O Supremo Tribunal Federal (STF) chancelou o direito constitucional à saúde e garantiu a continuidade de um tratamento neurológico vital para uma menor moradora do município de Sorriso, no médio-norte mato-grossense. Em decisão monocrática, o ministro André Mendonça assegurou que o poder público deve manter o fornecimento contínuo de canabidiol para uma criança diagnosticada com epilepsia refratária severa, rejeitando as tentativas administrativas de suspensão do insumo terapêutico.
A paciente, cuja identidade é legalmente preservada por determinação do Estatuto da Criança e do Adolescente (ECA), sofre de uma condição clínica rara onde as crises convulsivas frequentes não apresentam resposta ou atenuação diante de tratamentos farmacológicos convencionais.
Criança esgotou alternativas do SUS antes de prescrição de extrato de Cannabis
O histórico clínico anexado aos autos comprova que a defesa da menor esgotou as vias ordinárias da medicina pública. Sob supervisão no ambulatório especializado em epilepsia da Casa Ninar, a criança foi submetida, sem sucesso, a ciclos terapêuticos com três anticonvulsivantes de ponta distribuídos pelo Sistema Único de Saúde: o levetiracetam, o perampanel e a carbamazepina. Diante do quadro de regressão e sofrimento, o neurologista infantil responsável prescreveu o uso urgente de extrato de Cannabis sativa na concentração de 20 miligramas por mililitro.
O fornecimento havia sido negado na esfera administrativa pela Secretaria Municipal de Saúde de Sorriso, sob a justificativa padrão de que o óleo medicinal não compunha as listas oficiais do Componente Especializado da Assistência Farmacêutica (CEAF). Contudo, após liminares favoráveis na comarca local e a manutenção da sentença pela 2ª Câmara de Direito Público e Coletivo do Tribunal de Justiça de Mato Grosso (TJMT), o Estado recorreu ao STF para tentar eximir-se da obrigação financeira.
Os pilares regulatórios e jurídicos validados pelo ministro André Mendonça incluem:
Tema 1.161 do STF: Enquadramento em repercussão geral para fármacos sem registro ordinário, mas com chancela de importação;
Resoluções RDC 327/2019 e 335/2020: Reconhecimento da categoria regulatória própria criada pela Anvisa para derivados de Cannabis;
Eficácia Comprovada: Relatório da Casa Ninar atestando a falha total dos anticonvulsivantes sintéticos tradicionais do SUS;
Garantia Assistencial: Manutenção expressa da entrega do óleo enquanto o mérito técnico é rediscutido.

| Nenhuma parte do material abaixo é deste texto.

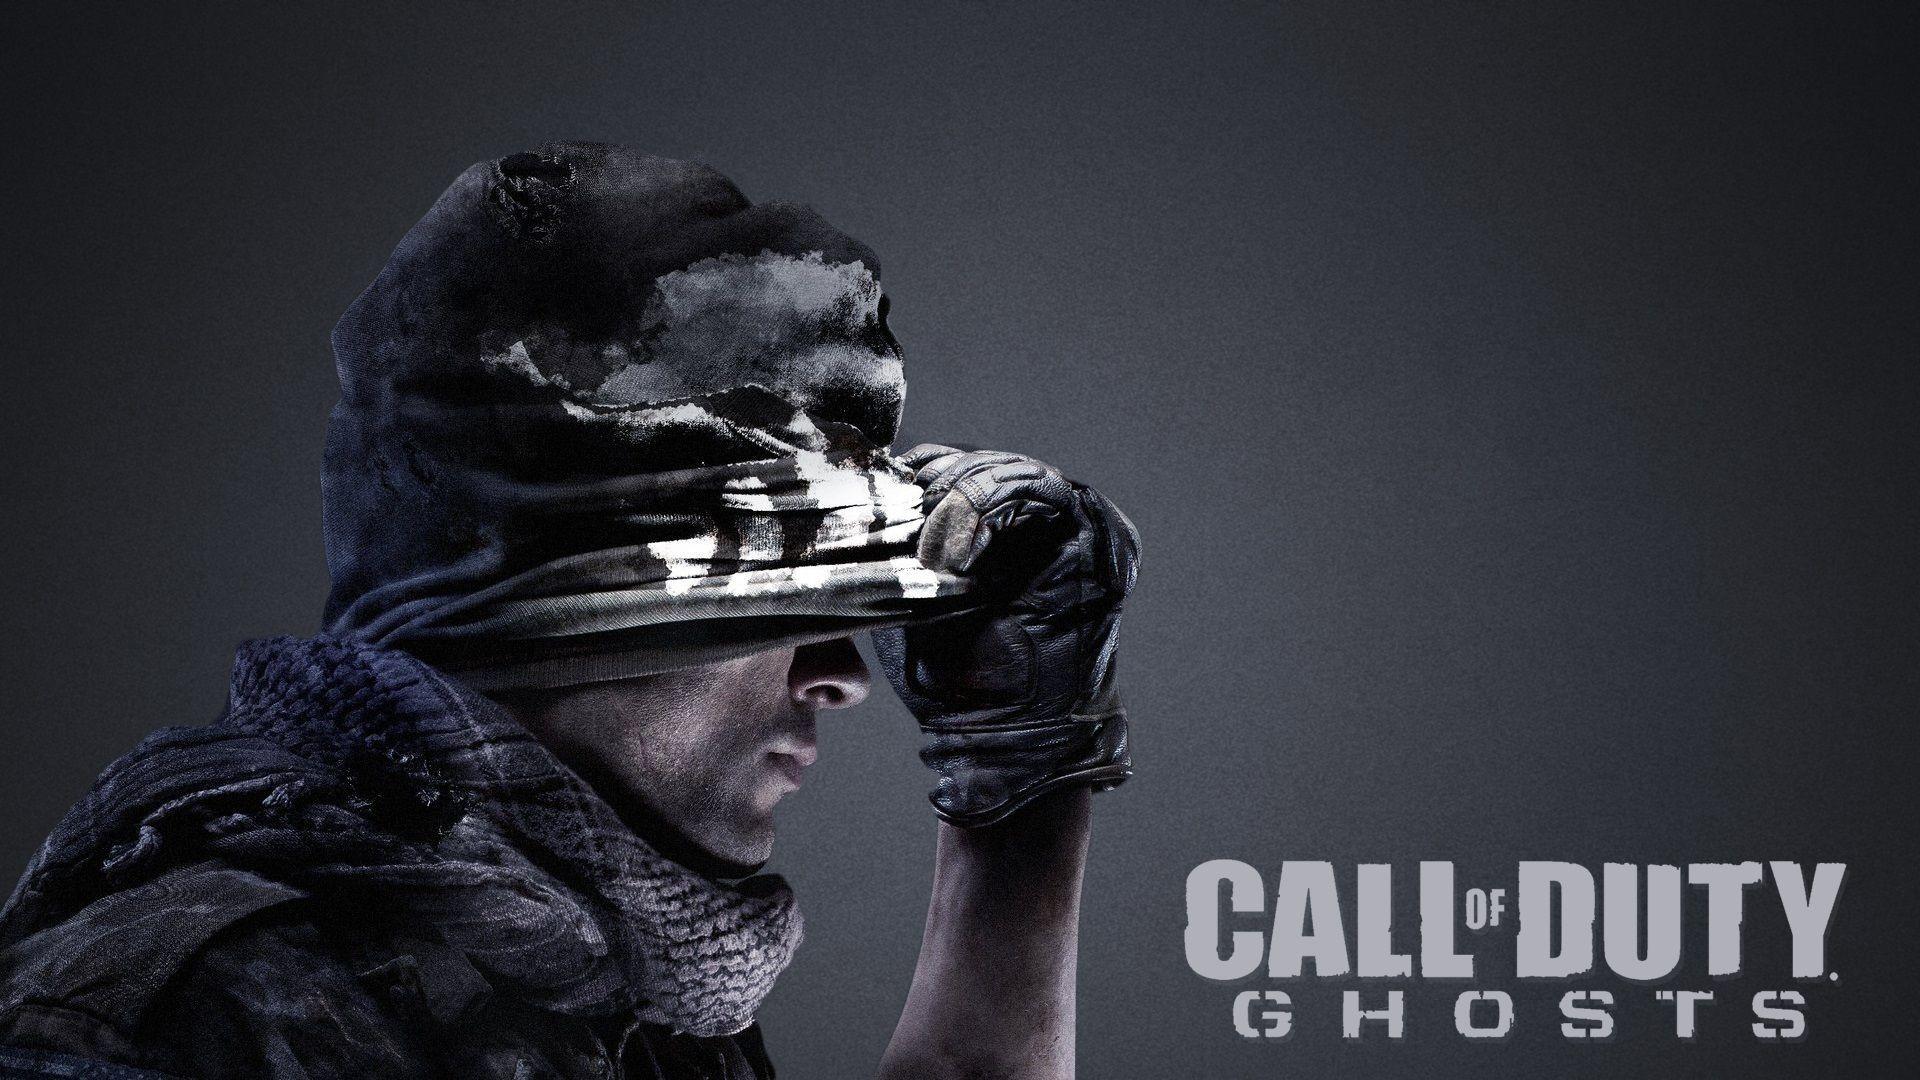 Call Of Duty Ghosts 1080p Wallpaper. All Best Image Collection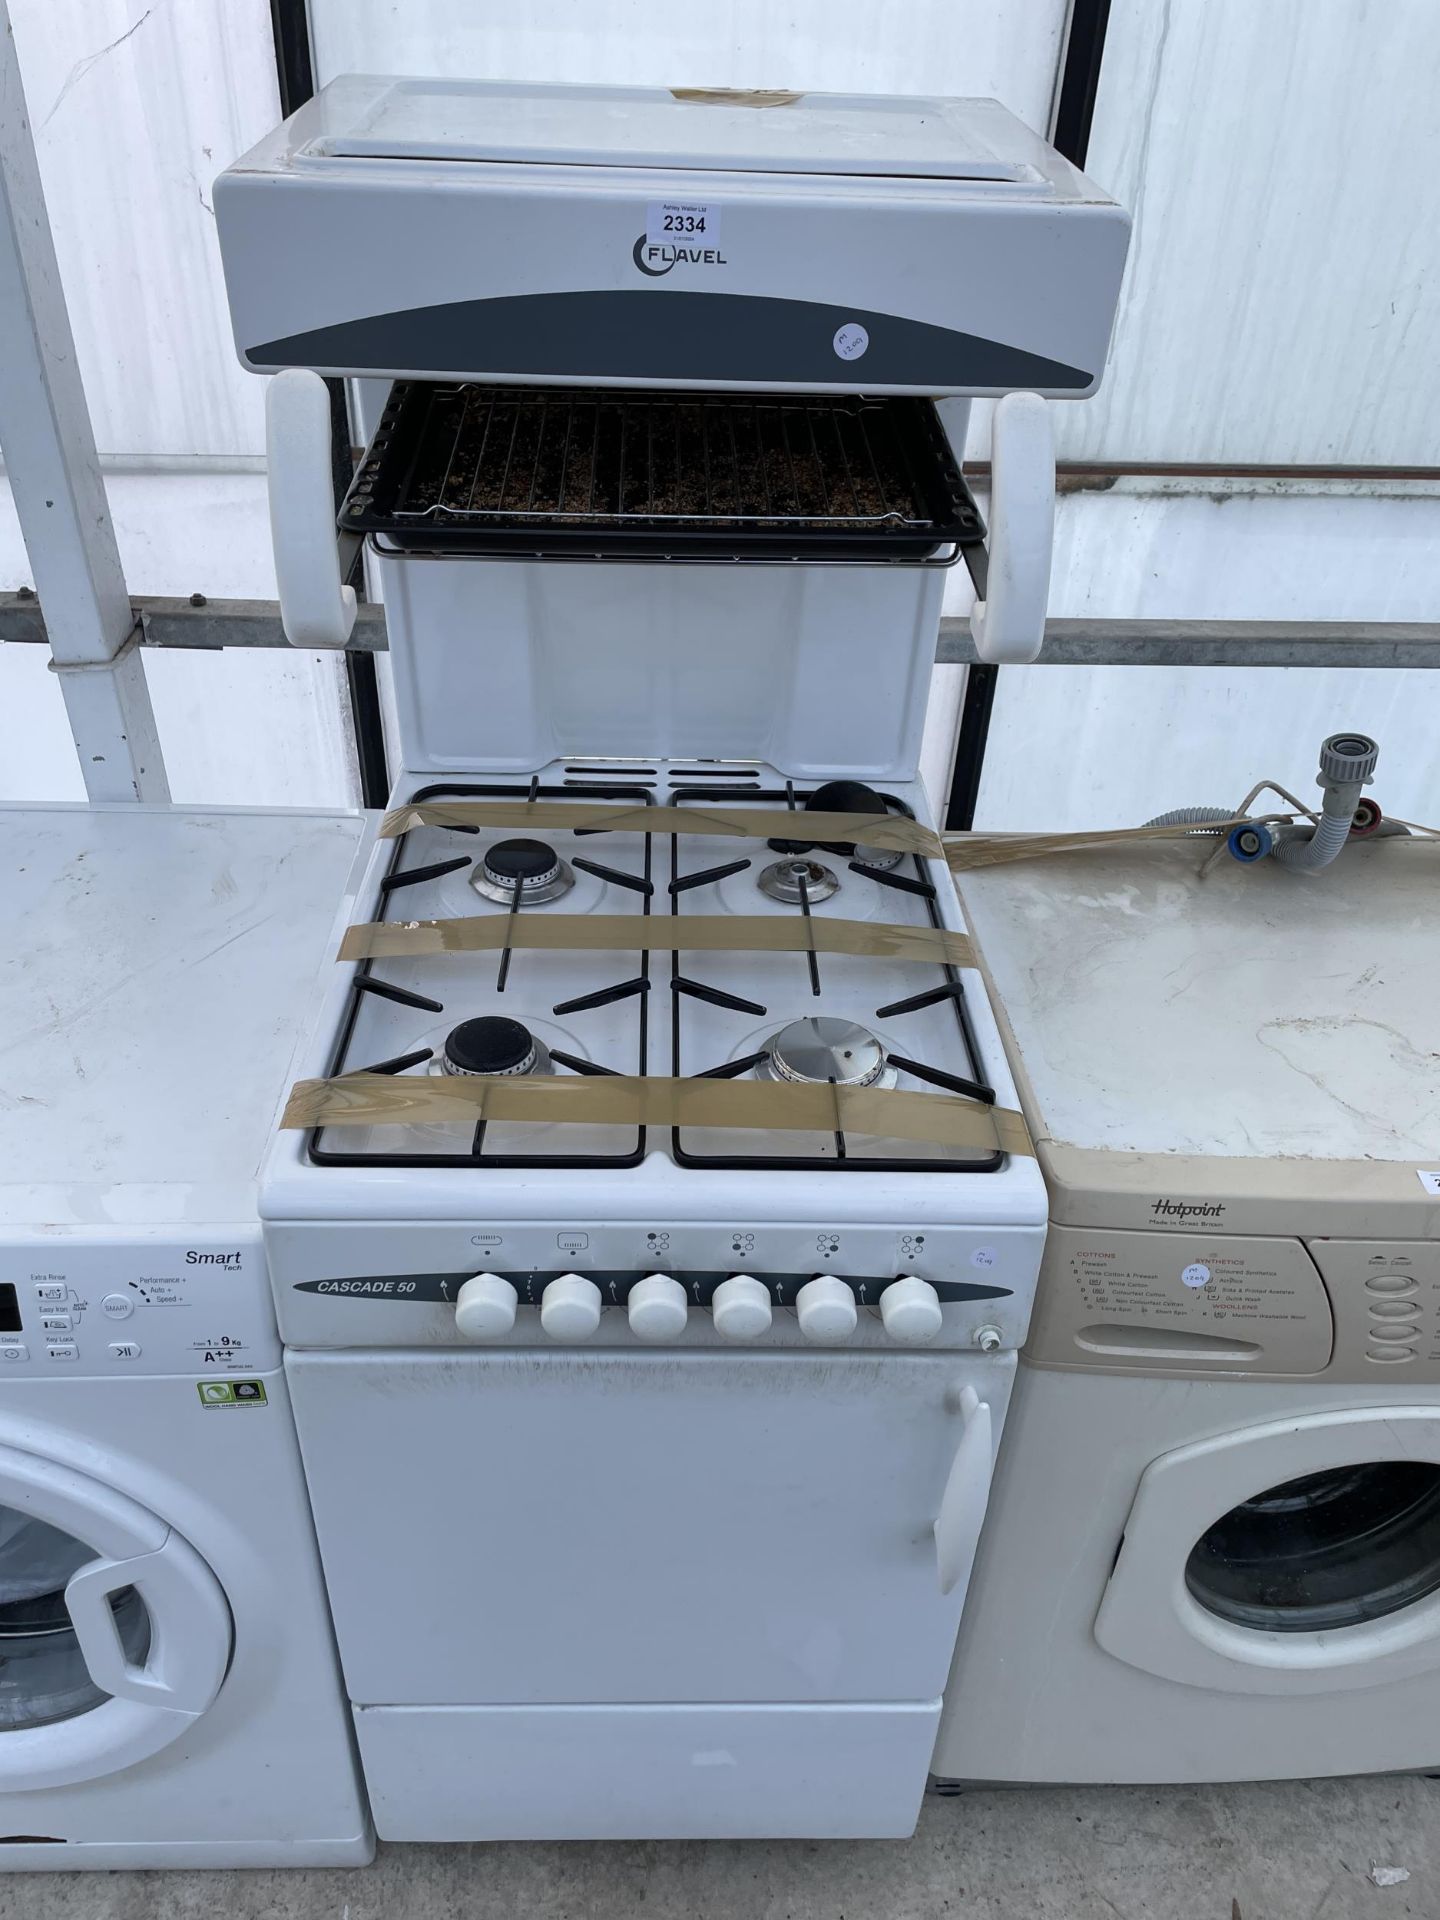 A WHITE FREESTANDING FLAVEL CASCADE 50 GAS OVEN AND HOB

União entra no polo passivo e processo é transferido para a Justiça Federal
Apesar de blindar o direito da criança de continuar recebendo o canabidiol, o ministro André Mendonça acolheu parcialmente um pleito formalizado pela Procuradoria-Geral do Estado (PGE-MT). O Estado de Mato Grosso argumentou que, por se tratar de um produto fora das políticas ordinárias de dispensação e que demanda importação autorizada, a responsabilidade financeira e jurídica deve ser obrigatoriamente compartilhada com o governo federal.
Com o acolhimento desse quesito de competência, André Mendonça determinou a inclusão da União no polo passivo da ação e ordenou a remessa imediata dos autos para a Justiça Federal. Na prática, a mudança de foro altera quem paga a conta e quem gerencia o processo, mas o despacho do ministro blinda a decisão da primeira instância de Sorriso: o município e o Estado permanecem obrigados a comprar e entregar o canabidiol à mãe da menor até que o juiz federal assuma o caso.
| Raio-X da Decisão do Canabidiol no STF | Detalhes Clínicos e Processuais (Sorriso – 2026) |
|---|---|
| Diagnóstico da Paciente | Epilepsia Refratária (Sem resposta a 3 anticonvulsivantes) |
| Tratamento Deferido | Extrato de Cannabis sativa (Concentração 20mg/ml) |
| Mudança de Competência | Ação enviada à Justiça Federal com inclusão da União |
| Status do Fornecimento | Mantido e Garantido (Sem interrupção para a paciente) |
A decisão do ministro André Mendonça em favor da criança de Sorriso reafirma que o direito à vida e à dignidade humana deve se sobrepor aos entraves burocráticos das listas de medicamentos do SUS, evidenciando que a judicialização se tornou a única saída para famílias de baixa renda que dependem de tratamentos modernos com canabidiol, embora o Estado legítimamente busque dividir os custos milionários dessas importações com a União.